# DATA SHOWN
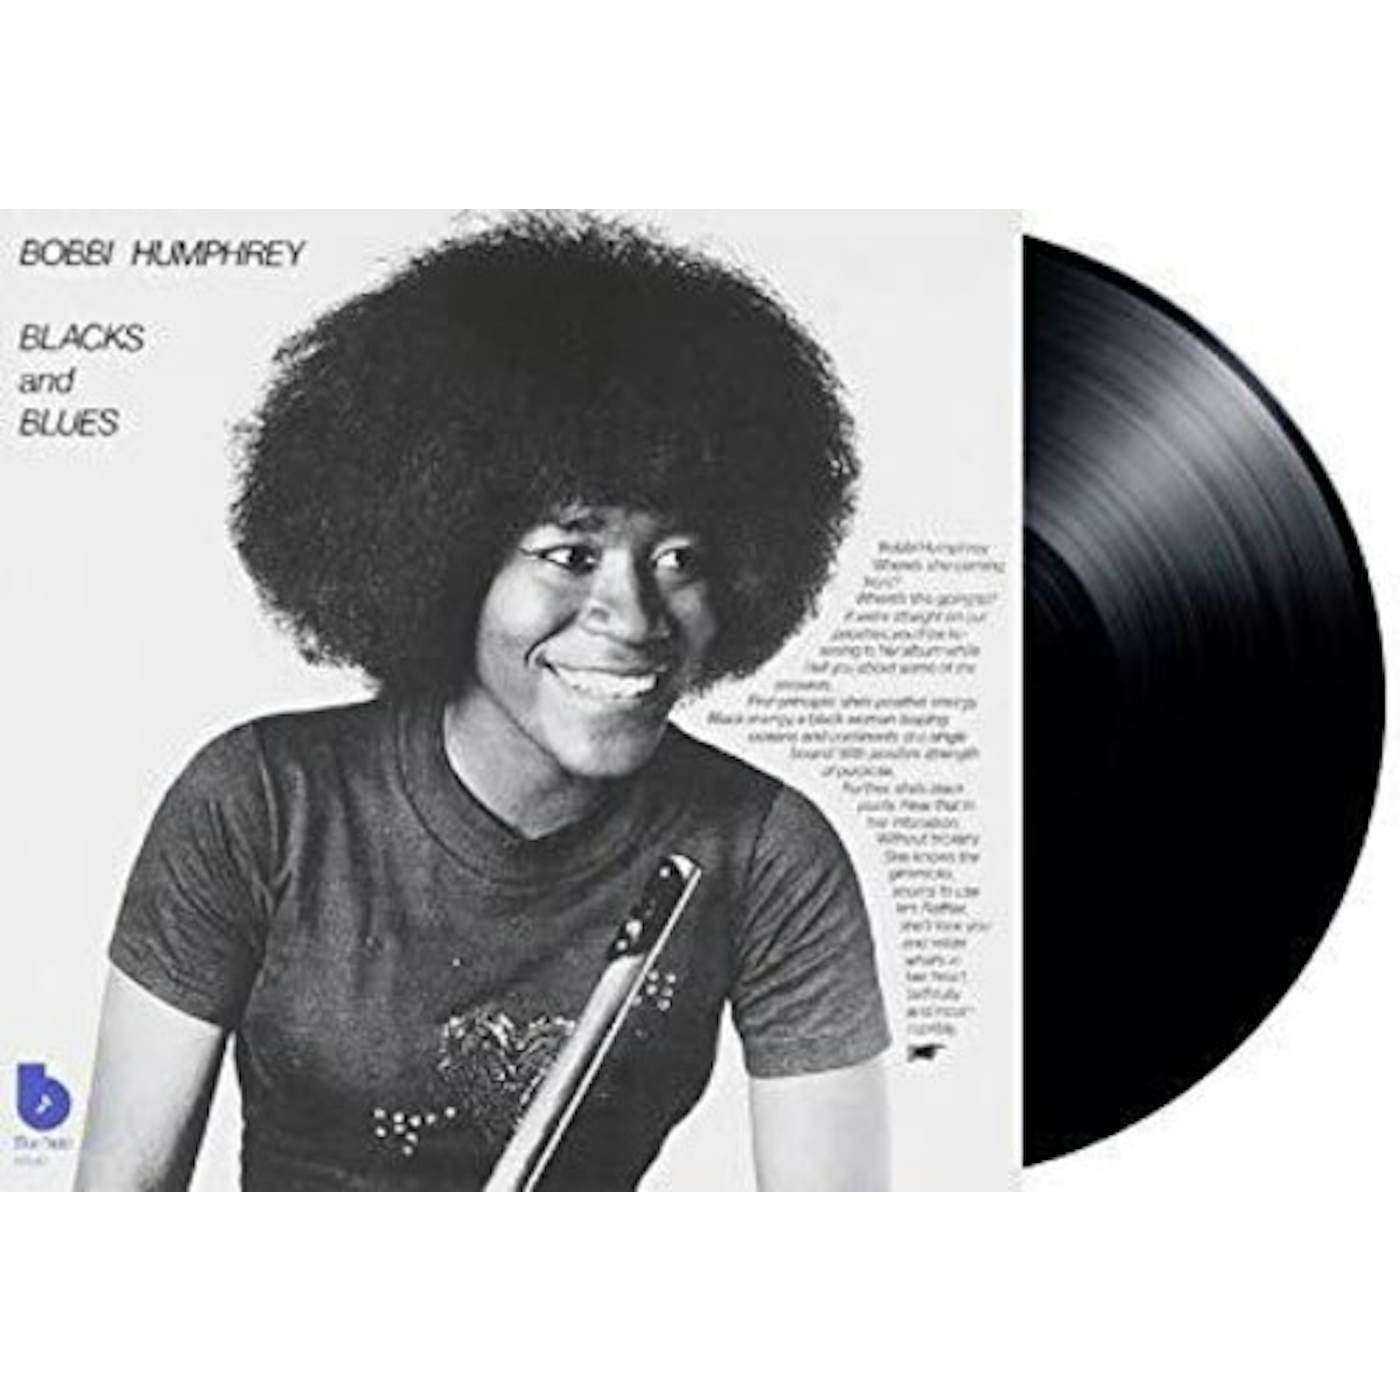 Bobbi Humphrey Blacks And Blues Vinyl Record
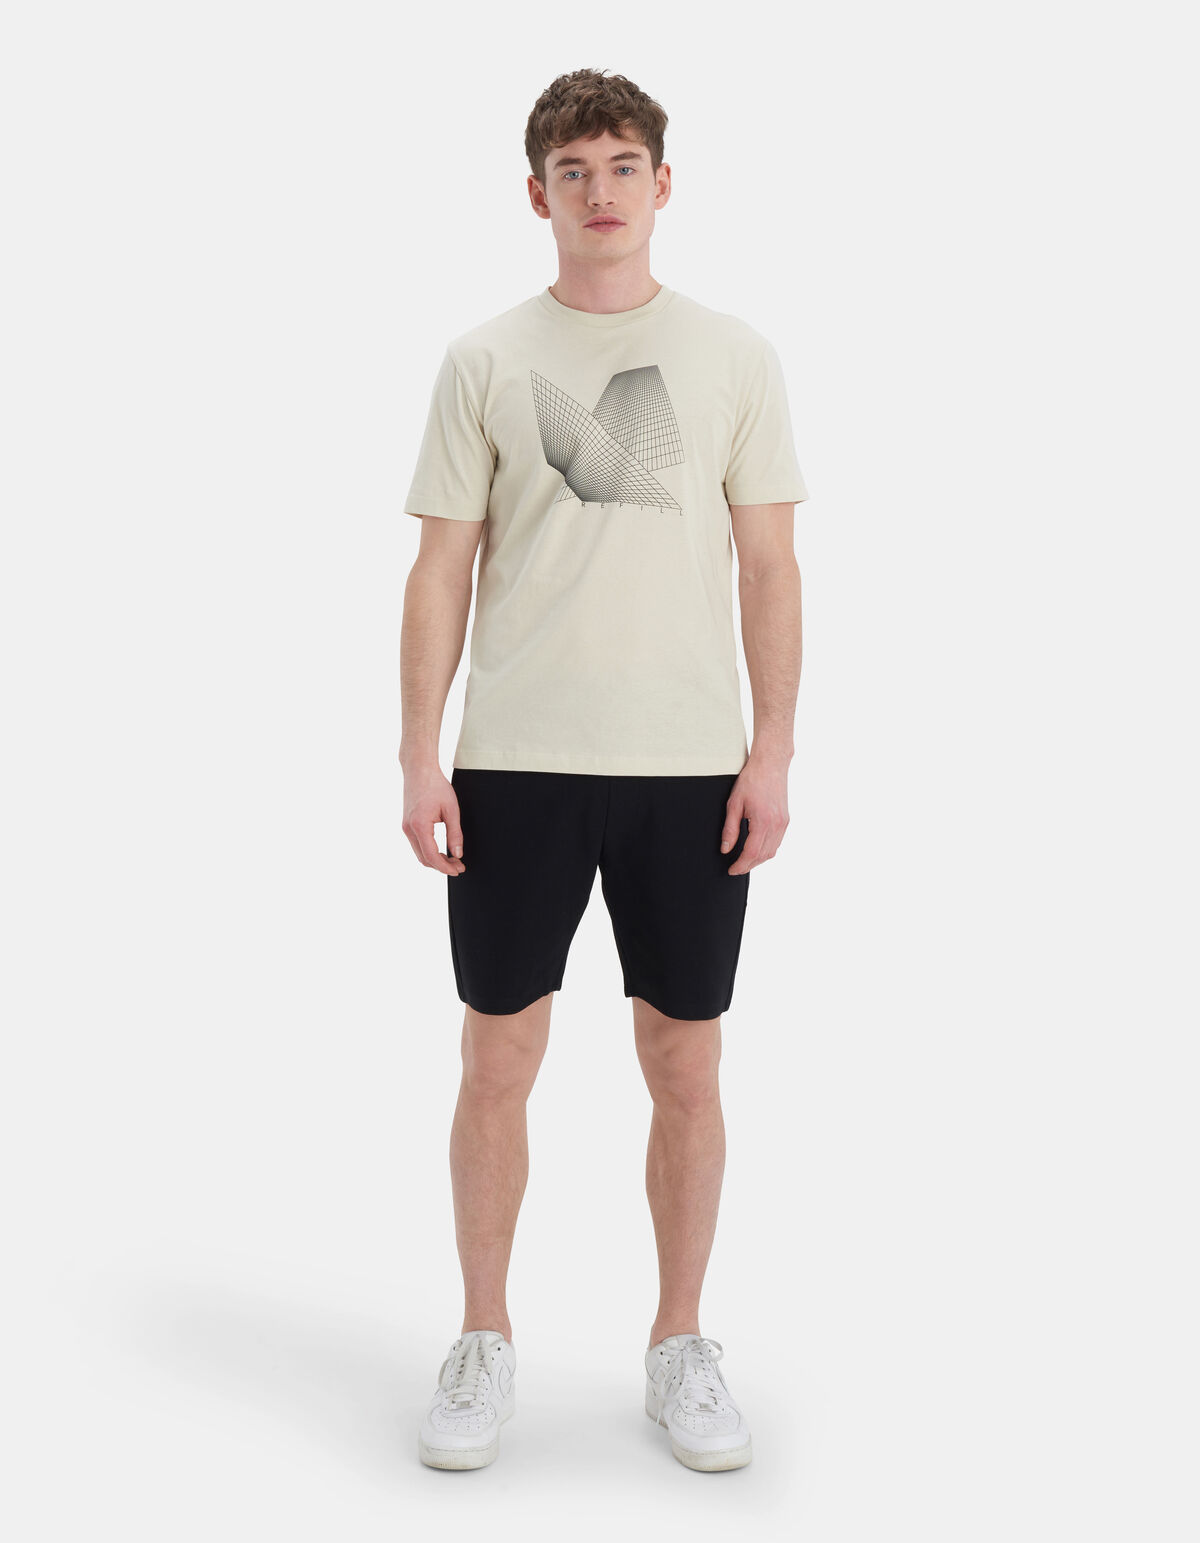 Illusion T-shirt REFILL
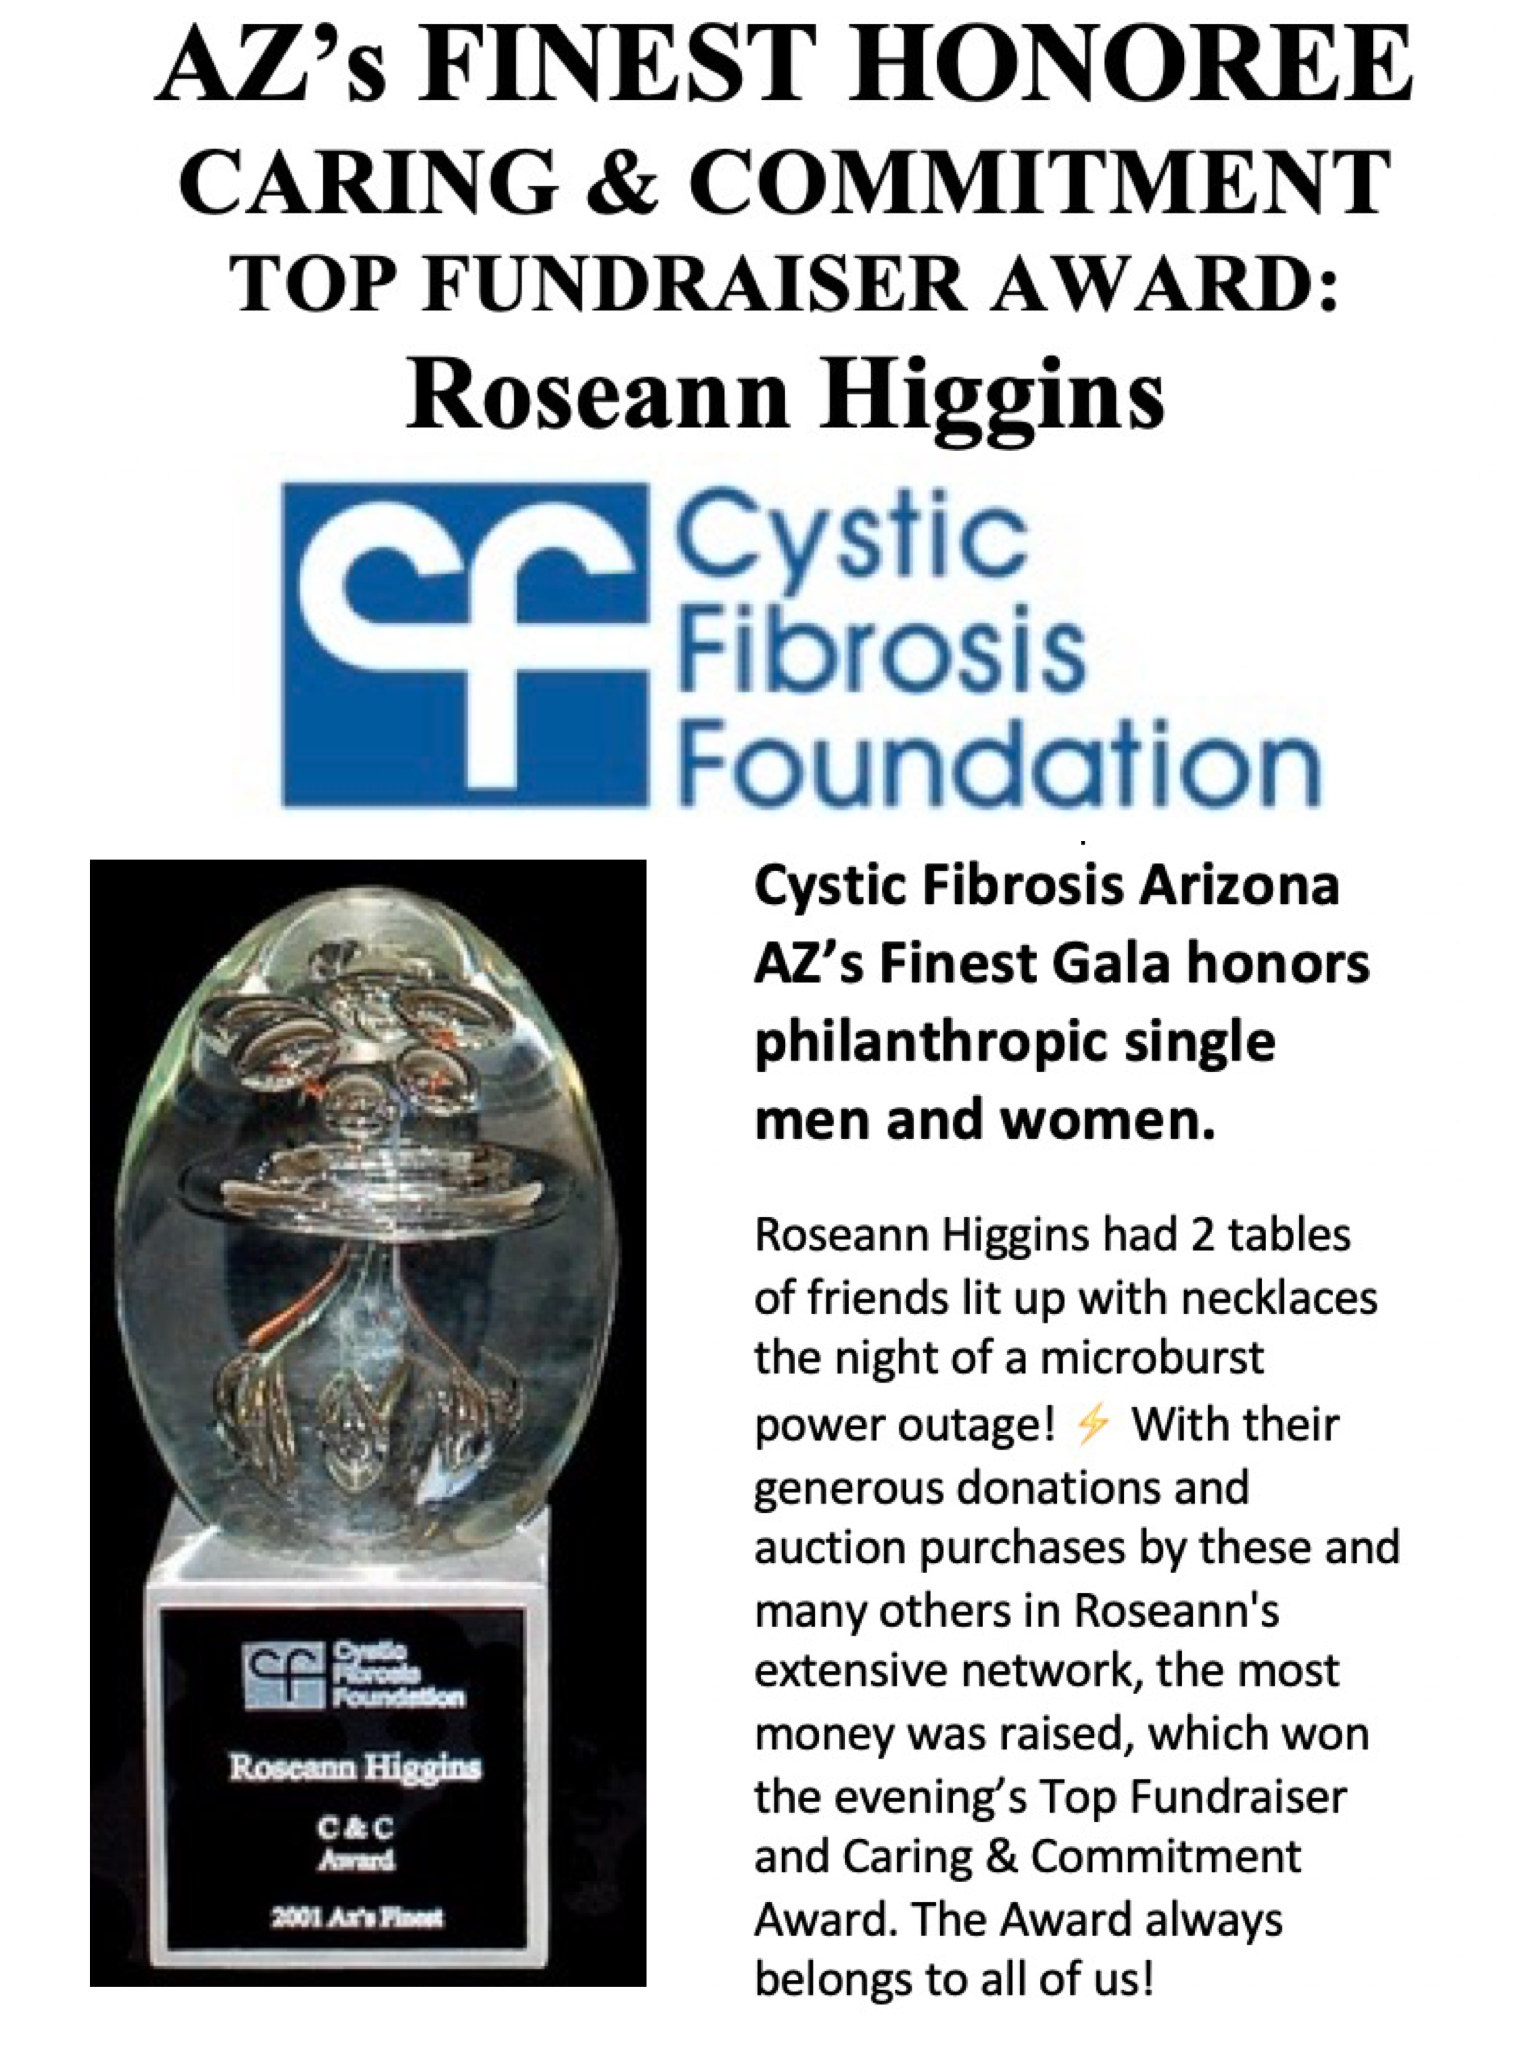 AZ's Finest, Arizona's Finest, Honoree, top fundraiser, Award, Roseann Higgins, fundraising, community involvement, find a cure, CF, Cystic Fibrosis Foundation, Cystic Fibrosis, philanthropy, philanthropic, singles, single men, single women,

# TASK DETAILS
The whole listing should be printed again exactly as written, images excluded.

# TASK OUTPUT
 Bobbi Humphrey Blacks And Blues Vinyl Record
 Illusion T-shirt REFILL
 AZ's Finest, Arizona's Finest, Honoree, top fundraiser, Award, Roseann Higgins, fundraising, community involvement, find a cure, CF, Cystic Fibrosis Foundation, Cystic Fibrosis, philanthropy, philanthropic, singles, single men, single women,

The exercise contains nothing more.